Bimorph Mirrors for X-ray Beam Lines

 

Bimorph state of the art: 100nrad and 0.5nm rms

During the last year THALES SESO manufactured and delivered more than 10 integrated elliptical bimorphs for Brookhaven National Laboratory (USA), the Photon Factory (Japan), Diamond Light Source (UK). The mirror system have been designed, realized and set-up with slope errors between 100 and 150 nrads and shape errors of 0.5 to 1 nm RMS over the full lengths (400-1000 mm). These are elliptical mirrors can be operated as focusing device over extremely wide range of focal distances (from q_min=0.5 m to q_max=25 m). A photo of one of these mirrors is shown in the following figure (length 800mm).

Bimorph

Thales SESO the Pioneer in Bimorph mirror technology

With the patented first and second generation bimorphs and more than 80 bimorphs already delivered to various synchrotron facilities worldwide, TSESO has been pioneering this field and is keeping a leading role in the fabrication of a very compact adaptive x-ray mirror based on the properties of piezoelectric ceramics.

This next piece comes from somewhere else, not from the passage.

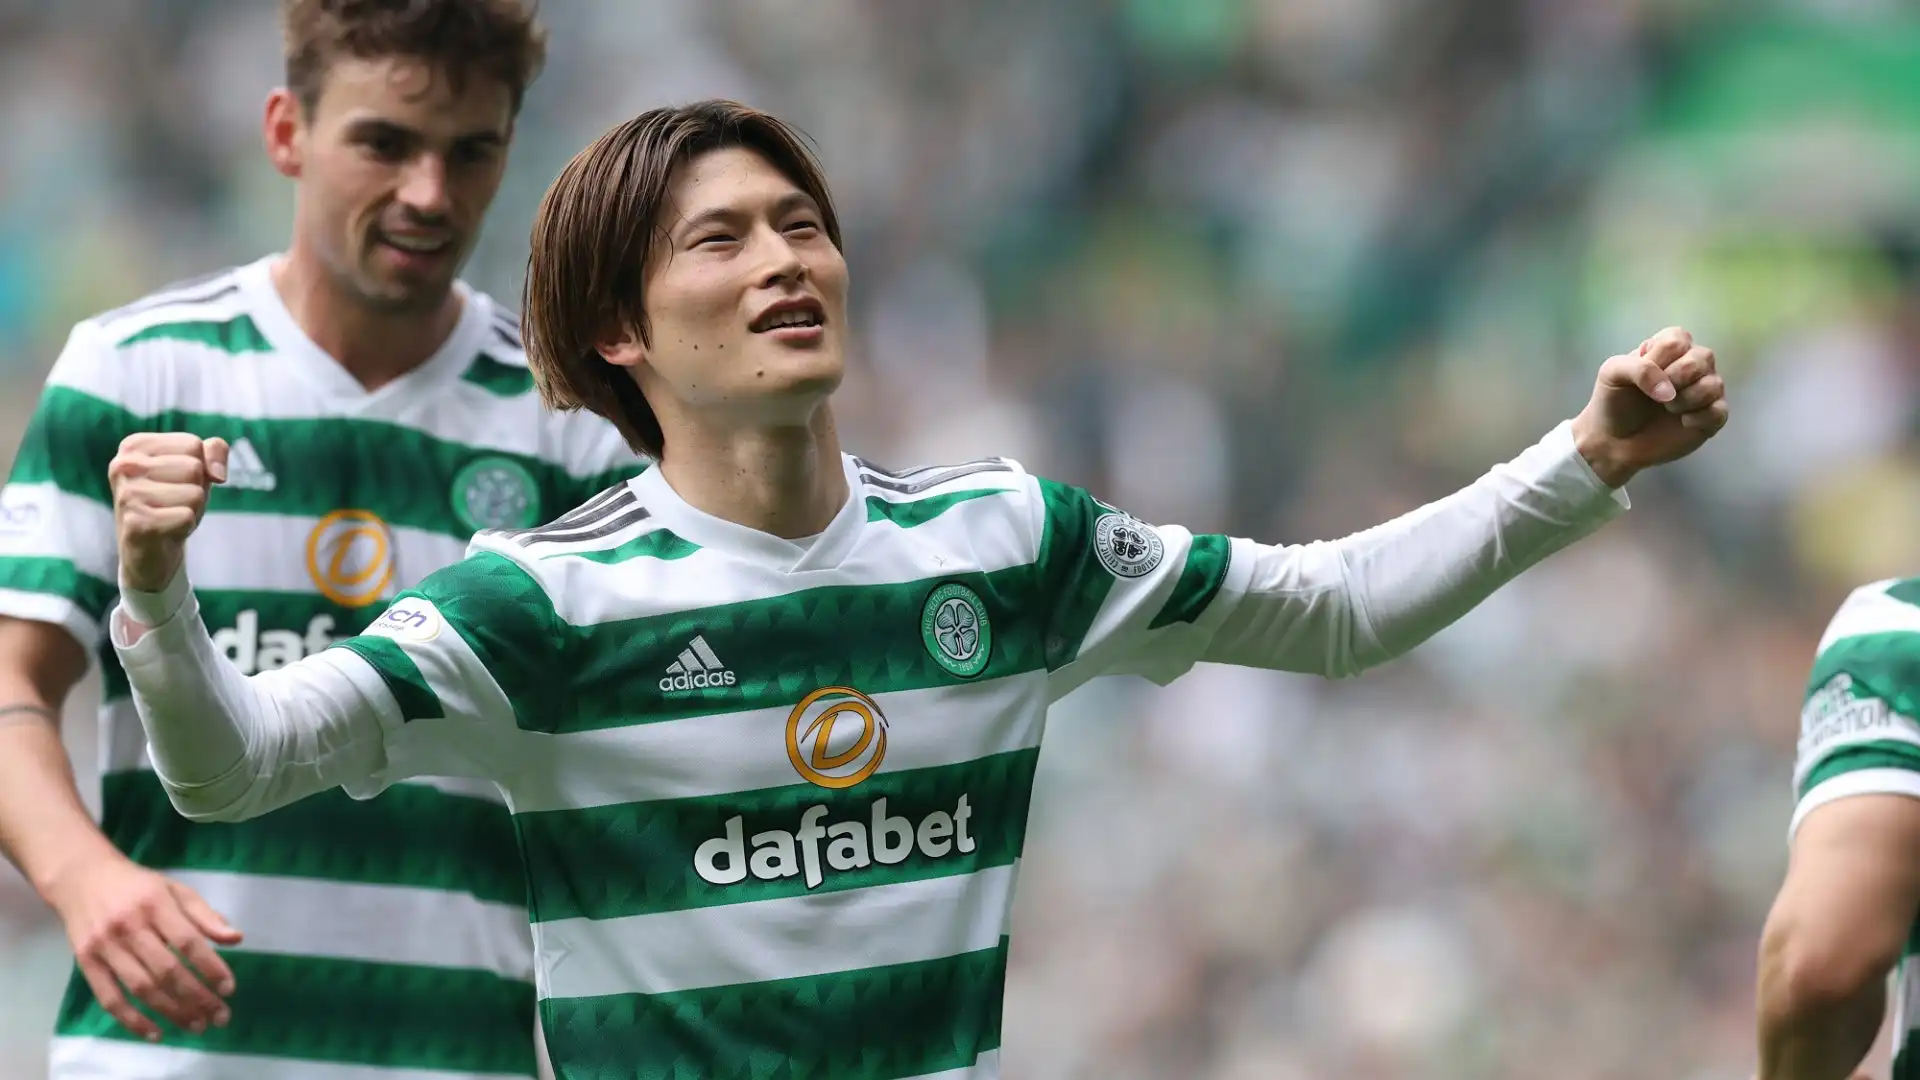 15 Kyogo Furuhashi (Attaccante, Giappone, Celtic FC): 9 milioni di euro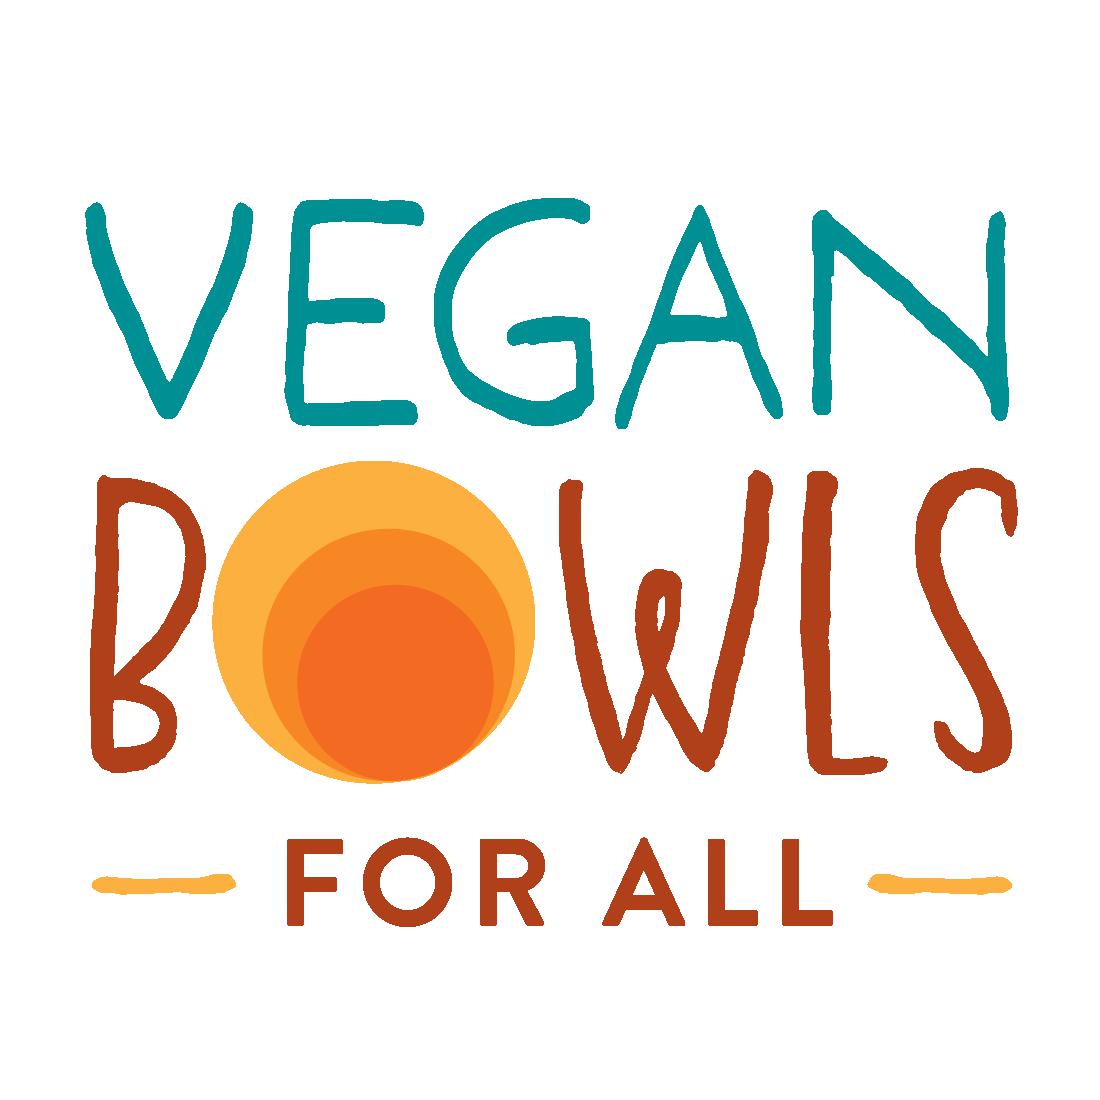 Vegan Bowls For All - Santa Monica Santa Monica

Once properly shaped they can be used to focus, collimate or for beam shaping in a variety of application. In contrast to traditional mirrors with mechanical benders or fixed curvature mirrors, where the user gets only few degree of freedom to adjust the mirror radius and coma aberrations, bimorph mirrors come with many degree of freedom (typically from 8 to 32) thus allowing to suppress higher order aberrations and middle-high spatial frequencies with periods larger than 20 mm.

Bimorph mirrors are becoming a common optical element on synchrotron beamlines in various synchrotron radiation facilities worldwide and more recently free-electron lasers (XFEL).

Nevertheless most of this potential has not been fully exploited and a number of tools are being prepared to realize a short feedback between mirror shaping and online metrology. A collaboration with the optics group of the Diamond Light Source is currently tackling this aspect.

Concept of Bimorph mirrors

Bimorph2

Left: Schematic of 2nd generation bimorph mirror from Thales-SESO, showing piezo ceramics glued to the side faces of the monolithic substrate. Right: Double-face bimorph designed to acts either as a collimator or focusing device

 

The full potential of Bimorphs is still unexplored

Modern synchrotron radiation sources (3rd generation and Free Electron Lasers) need very high quality optics to exploit the full power and preserve the coherence of the radiation.

The target specifications for such mirrors are the following:
- sub-nm surface figure errors
- Roughness at the atomic scale and
- Slope errors below 150 nrad over mirror length (up to 1.5 m)

Ideally the polishing should be realized in a deterministic fashion anticipating all the effect that may deteriorate the mirror performance in its final use such as gravity, mirror holding and heat load. The latter point is particularly important for high power sources such as ERL, XFEL and upgraded synchrotron in progress.

Since all these effect cannot be fully anticipated, the bimorph X-ray mirror represents a valuable solution and has many competitive advantages for state of the arts super-polished optics.

Even a perfect mirror will present defects once it is integrated in its final system and in particular during beamline operation: a number of effects appear under irradiation that would lead to additional wavefront distortion due to the optics placed upstream, the continuously varying intensity of the source and thermal drifts. The bimorph mirror is the only available optic which can adapt its shape to correct all these types of systematic errors dynamically and locally along the mirror coordinate.

This solution represent the future of X ray optics thanks to its active correction capabilities.